Replies to post #130789 on Biotech Values

[ghmm]

FOLD:

I think in Pompe is the potential for the greatest benefit to patients with ERT+chaperone. Its the ERT (well technically 2) that I am aware of with the poorest uptake into the cells. Unfortunately Amicus's Pompe chaperone has some tox question marks.

In Fabry I think part of the thinking was the incidence may be much higher then thought as many may not be diagnosed till late in life. Reaching these people though may not be easy. I believe it was TKT that also first discovered the incidence in women is much more then was thought (X linked).

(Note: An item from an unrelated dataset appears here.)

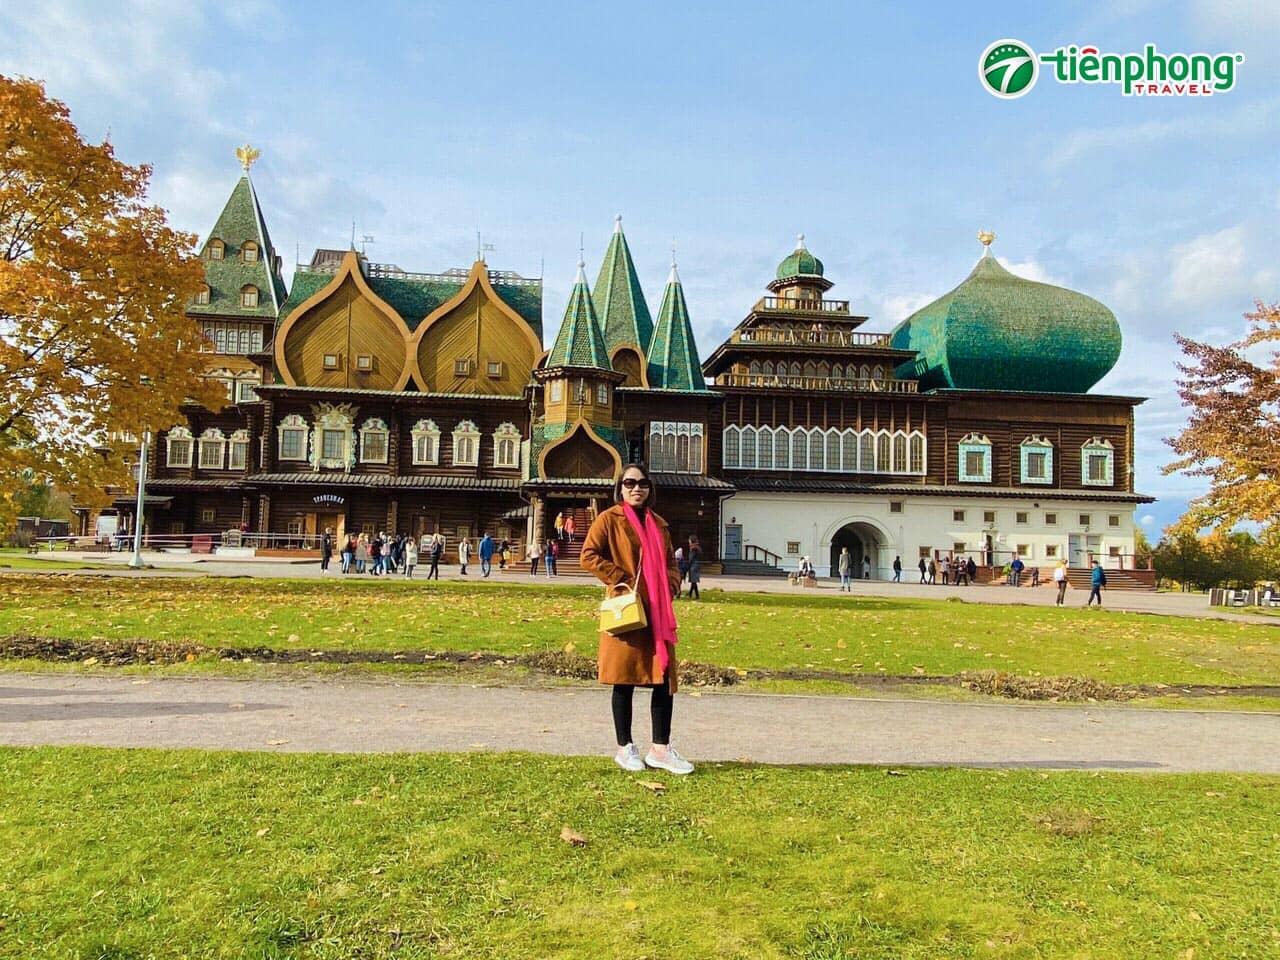 Công viên Kolomensk nước Nga

Unfortunately, I don't think Fabry is enough to get the company profitable. They announced on their quarterly call a vote to increase the share authorization.

[jq1234]

FOLD - Market size depends on pricing and efficacy/safety data. ERT is well established therapy, so it won't be as easy to take market share as it seems. If oral monotherapy has similar efficacy as ERT, priced similarly, it can get a hundred million or more a year in US. The upper bound for number of Fabry patients in US probably is 4000. There are Fabry patients who can't tolerate ERT, and patients who have really mild version of the disease, not on ERT yet. These are good starting points.

ERT has really changed patients' life, you can see from the problem caused by shortage in the last a couple of years. Thus there wasn't as much outcry of ERT pricing north of $200,000/year as you would think. Any drug used in combination with ERT has to dramatically improve efficacy to have added value. To add another expensive drug to already very expensive ERT with marginal efficacy improvement has no market place today IMO.